The sense of relief in the administrative halls of Parrish was palpable. No more would administrators have to expend mental energy towards consciously ignoring the existence of near off-campus students, nor towards maintaining the wishful delusion that an impermeable “bubble” exists. Gone was the perpetual cognitive dissonance of knowing that Bryn Mawr and Haverford include off-campus students in their testing plan, while simultaneously knowing that they both have noticeably fewer cases than Swarthmore and more students living on campus than Swarthmore. No more would the administration need to argue that off-campus students are a danger to campus because they do not abide by the Garnet pledge, knowing full well that they abide by COVID regulations just as much as on-campus students do.
“We used to try really hard to ignore dozens of students living off campus who do not have access to COVID testing that we could easily provide,” said another administrator. “Now we can continue to not offer them testing, but thankfully we don’t have to listen to any more complaining about it!”
Yet despite the cheery mood of the administration, near off-campus students, who are the subjects of this now-defunct administrative policy of exclusion, have expressed great confusion with regards to this announcement due to the fact that, contrary to the administration’s assertion, they are not in fact actually immune to COVID.
“When we asked them to address the issue, this isn’t what we thought would happen,” said a student living in an apartment in the ville. “I guess I appreciate the time and effort that went into conducting this research, but I think we’d be better off if those resources were instead allocated to providing us with COVID tests.”

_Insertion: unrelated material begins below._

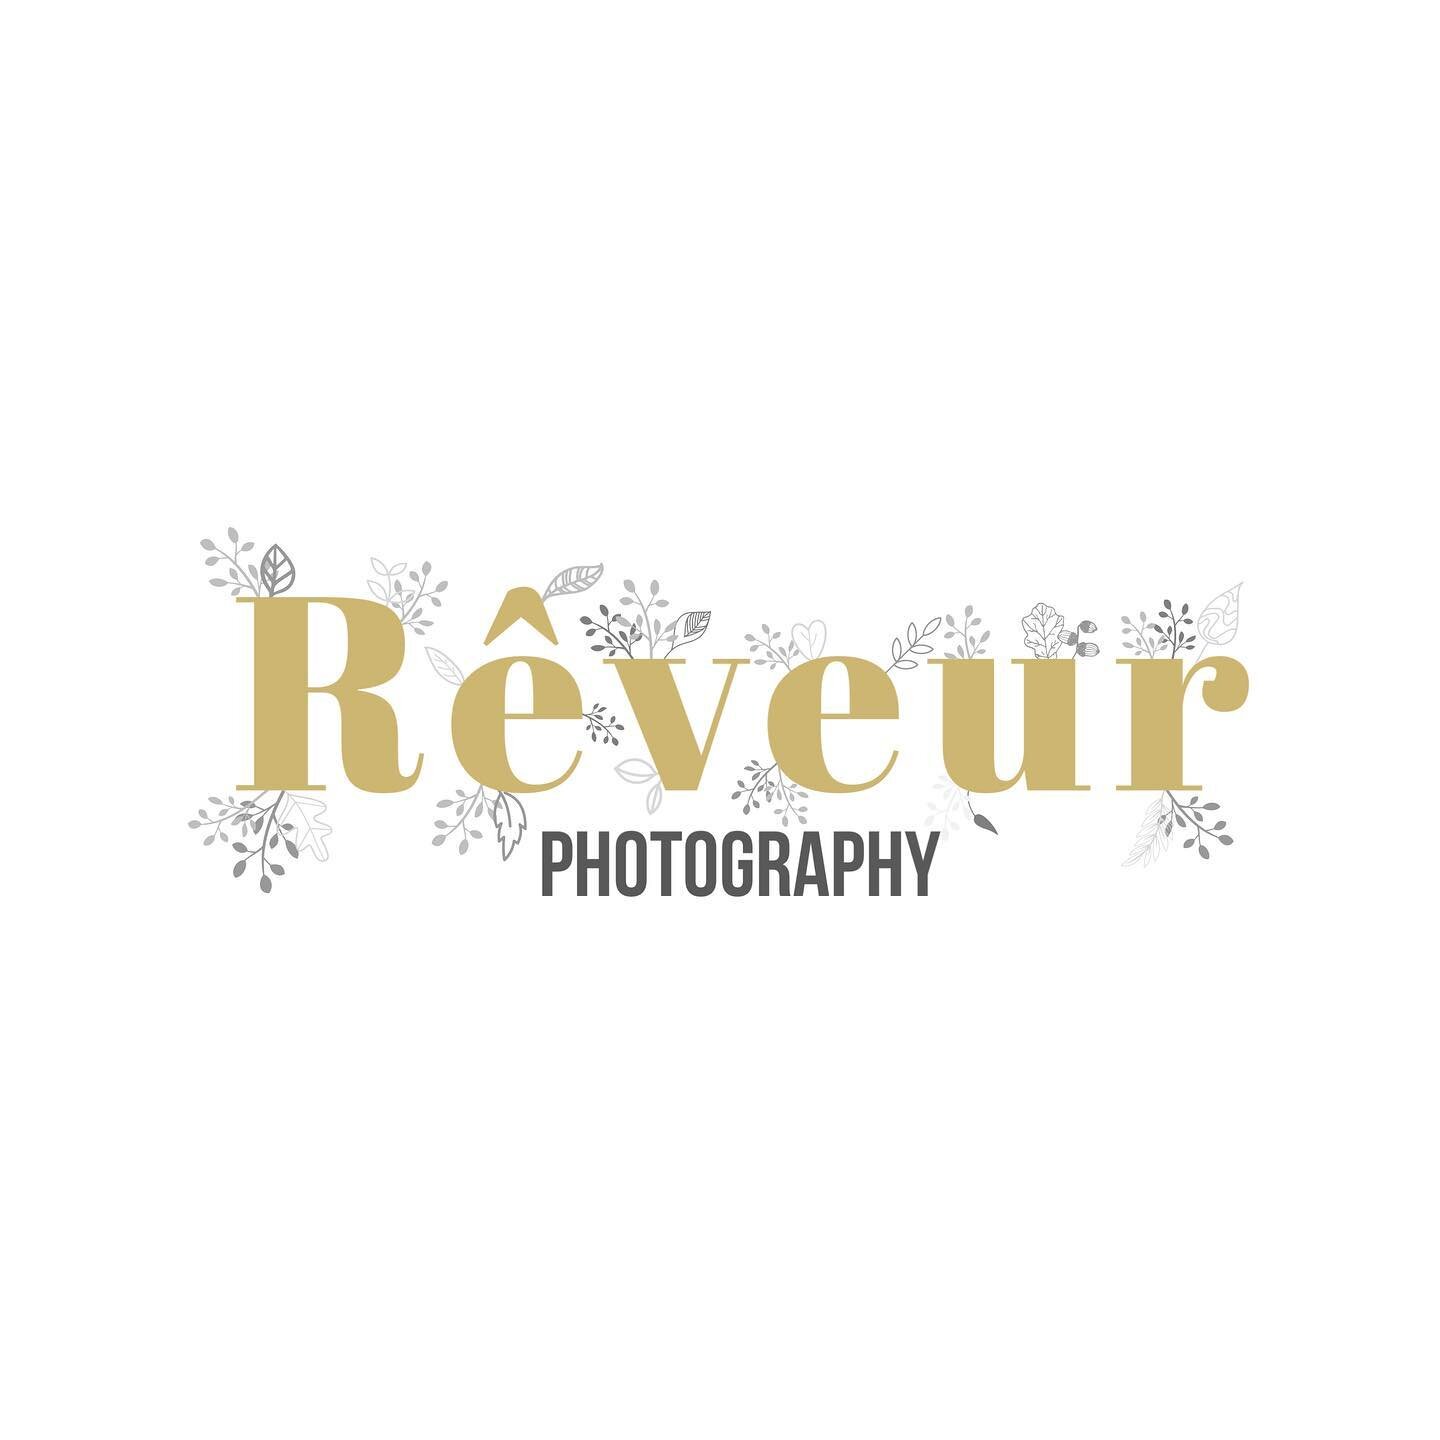 Welcome to R&ecirc;veur Photography- we are a wedding photographer based in Vancouver, British Columbia Canada, specializing in wedding, engagement and lifestyle portraits. #weddingphotography #vancouver #vancouverwedding #vancouverweddingphotographe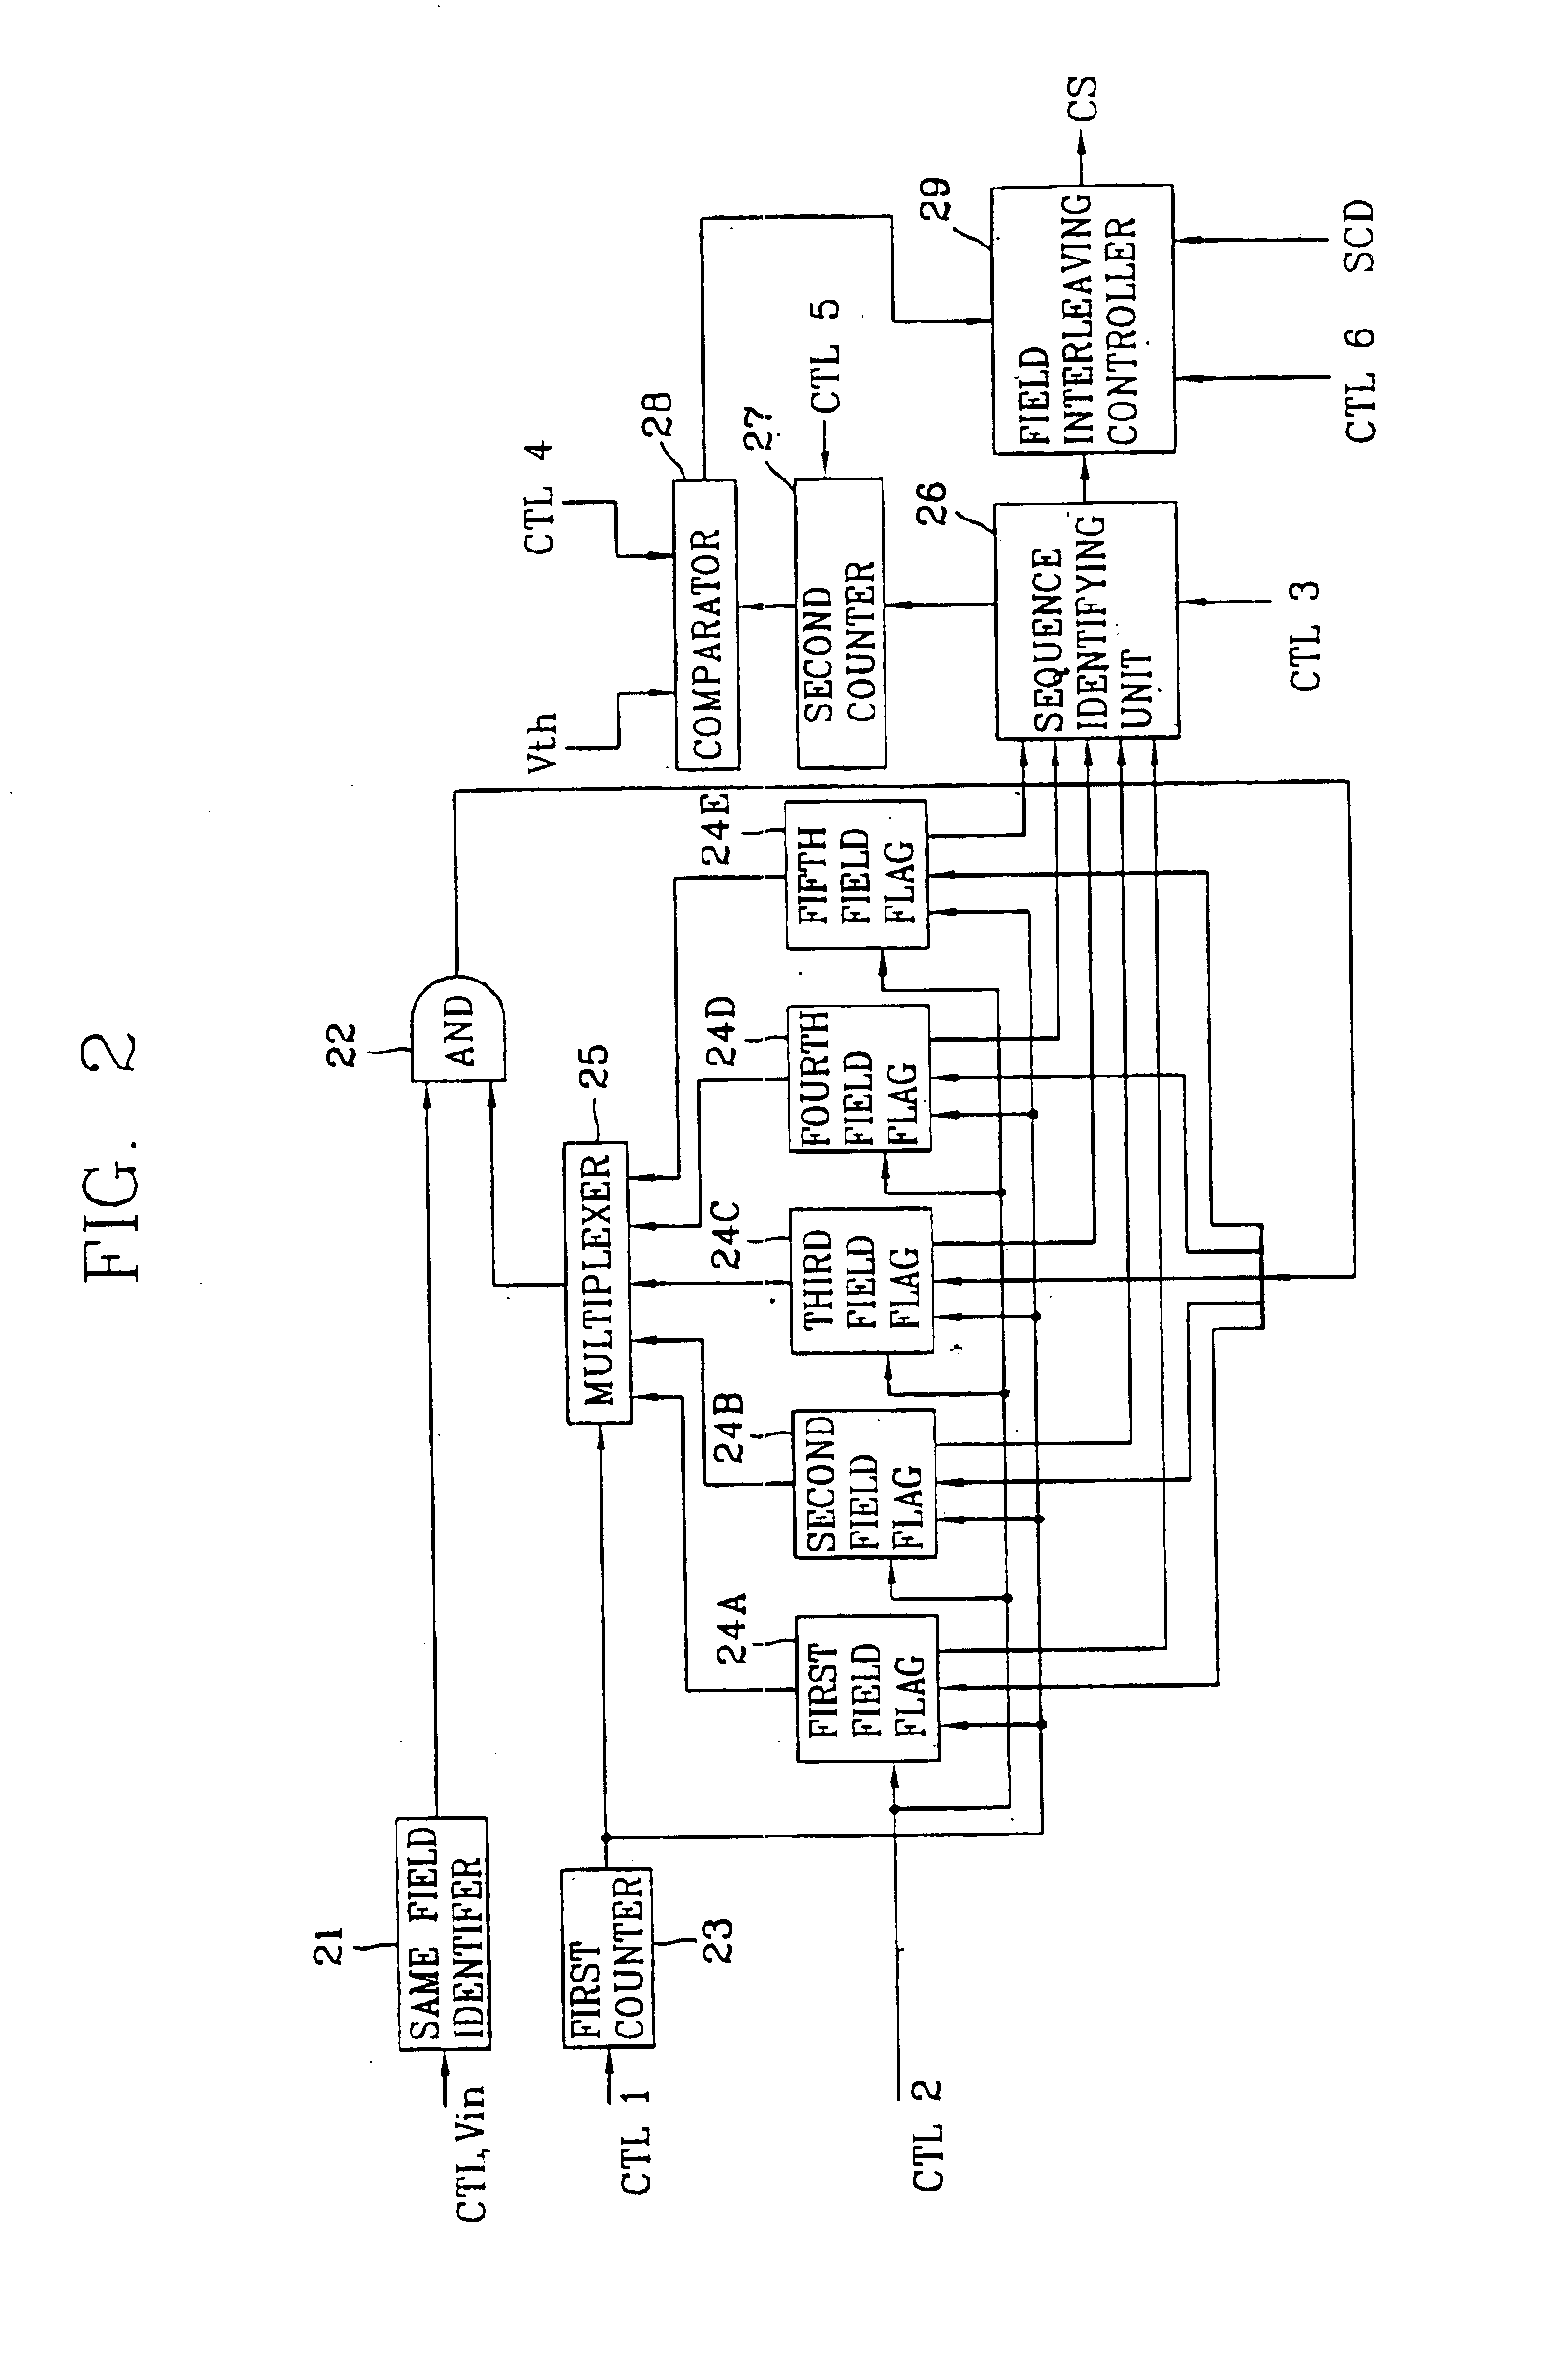 Method and apparatus for improving video quality

The student continued, “I never really understood why they wouldn’t test me for COVID when the tent they do tests in is just a few yards away from here on Parrish beach. Can’t they just invest some time and money into figuring out another testing alternative for near off-campus students?”
Another off-campus student expressed a similar sentiment of confusion. “How can they possibly claim that we’re immune? Why won’t they just listen to us when we say that we’re in direct danger of infection?”
She continued by detailing the arduous process she currently goes through to get COVID tested. “The CVS on Baltimore Pike is the nearest place to get tested, it’s 1.5 miles away and it’s a drive-through clinic so they only let people in cars get tested,” she said. “So I have to wheel myself through the drive-through in a shopping cart that I decked out to look like a red 1996 Honda Civic, and hope that they don’t notice.”
When asked about this student’s predicament, a dean responded with a straightforward answer backed up by their scientific findings.
“She doesn’t need to go to CVS to get tested. Because she’s immune. She’ll be alright. She shouldn’t worry so much. She should just stop thinking about it. She just needs to remember that she’s immune, she’s not in danger. It’ll be ok.”
At press time, near off-campus students continue to deny that they are immune to COVID. The administration sent out another courtesy reminder to reaffirm that they are immune and thus do not require testing.
With this problem sorted out, administrators no longer need to waste time crafting carefully worded emails harshly denying students the services they need without sounding too uncaring or unsympathetic. Administrators have reallocated this new free time to other urgent pursuits: “Minding the Light” emails will now be sent out twice a day, and Public Safety will conduct regular room inspections to ensure that every resident is minding this light to the fullest extent. Additional white rectangles will be painted on Parrish lawn, and on every path in the Crum Woods. Pearson Hall will be converted into a Target, so that on campus students will not break the bubble when they have to buy more deodorant.